Dilemas da doação de órgãos
Enviada em 08/07/2019
Ao contrário do que muitos acreditam, quando se discute sobre doações de órgãos, é importante compreender que há certa complexidade nesse assunto. Ademais, existem desafios a serem vencidos, para se almejar o aumento do número de doadores. Nesse contexto, é necessário resolver entraves como a demora na fila de espera por um transplante, além da recusa dos familiares de possíveis doadores.
Inicialmente, é preciso compreender que apesar dos recursos e de doadores voluntários, a espera para receber um órgão é longa. De acordo com a Associação Brasileira de Transplante de Órgãos (ABTO), em 2017, houve melhora nos indicadores de transplantes. No entanto, no mesmo ano, 1158 pessoas morreram enquanto aguardavam por um órgão no país.

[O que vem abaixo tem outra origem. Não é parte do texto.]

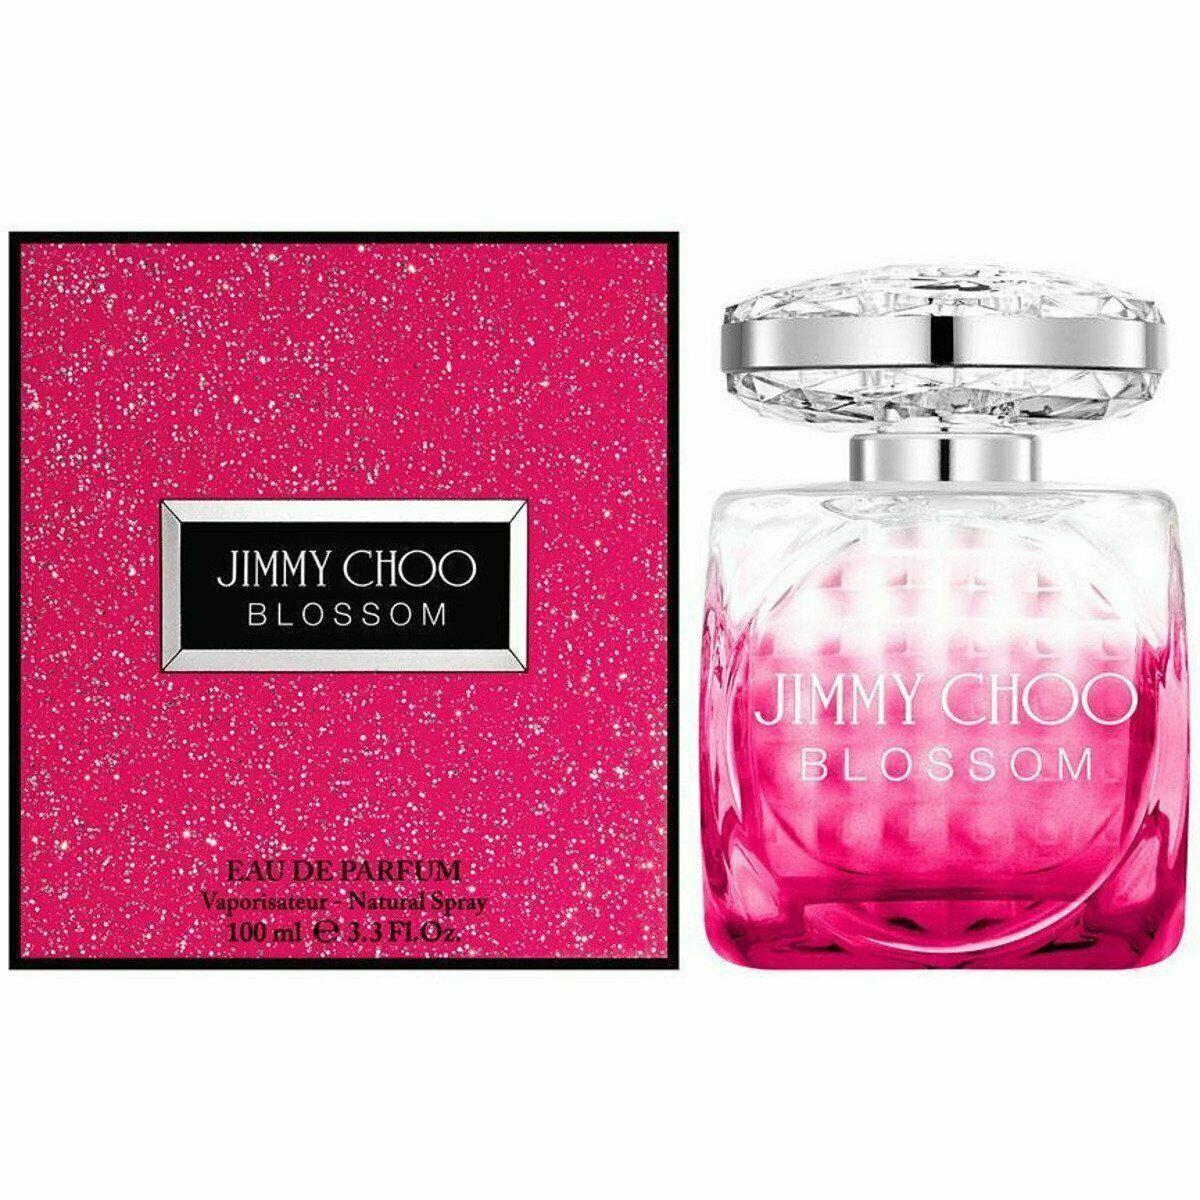 Jimmy Choo Blossom Perfume 3.3 Oz 100 ml Edp Eau De Parfum Spray Women

Outrossim a ser falado é sobre a recusa familiar à doação de órgãos. A princípio, a lei constitucional 10.211/2001, permite a disposição gratuita de órgãos, entretanto, o transplante de fato só ocorre mediante o consentimento dos familiares. Nesse caso, os parentes têm a decisão final sobre a doação ou não, mesmo que ainda em vida o falecido tenha documentado seu desejo de tornar-se doador.
Diante dos fatos apresentados, ações devem ser tomadas a fim de vencer estes desafios. Cabe ao Ministério da Saúde juntar-se aos canais midiáticos, para a promoção de campanhas informativas que consiste em informar e expor os desafios atuais da doação de órgãos, como a demora na lista de espera , a escassez de doadores, além de relatos dos pacientes transplantados. Propositalmente para mobilizar a população e os familiares de potenciais doadores sobre essa realidade. Dessa forma, pode-se almejar a mudança no quadro atual de doações do Brasil.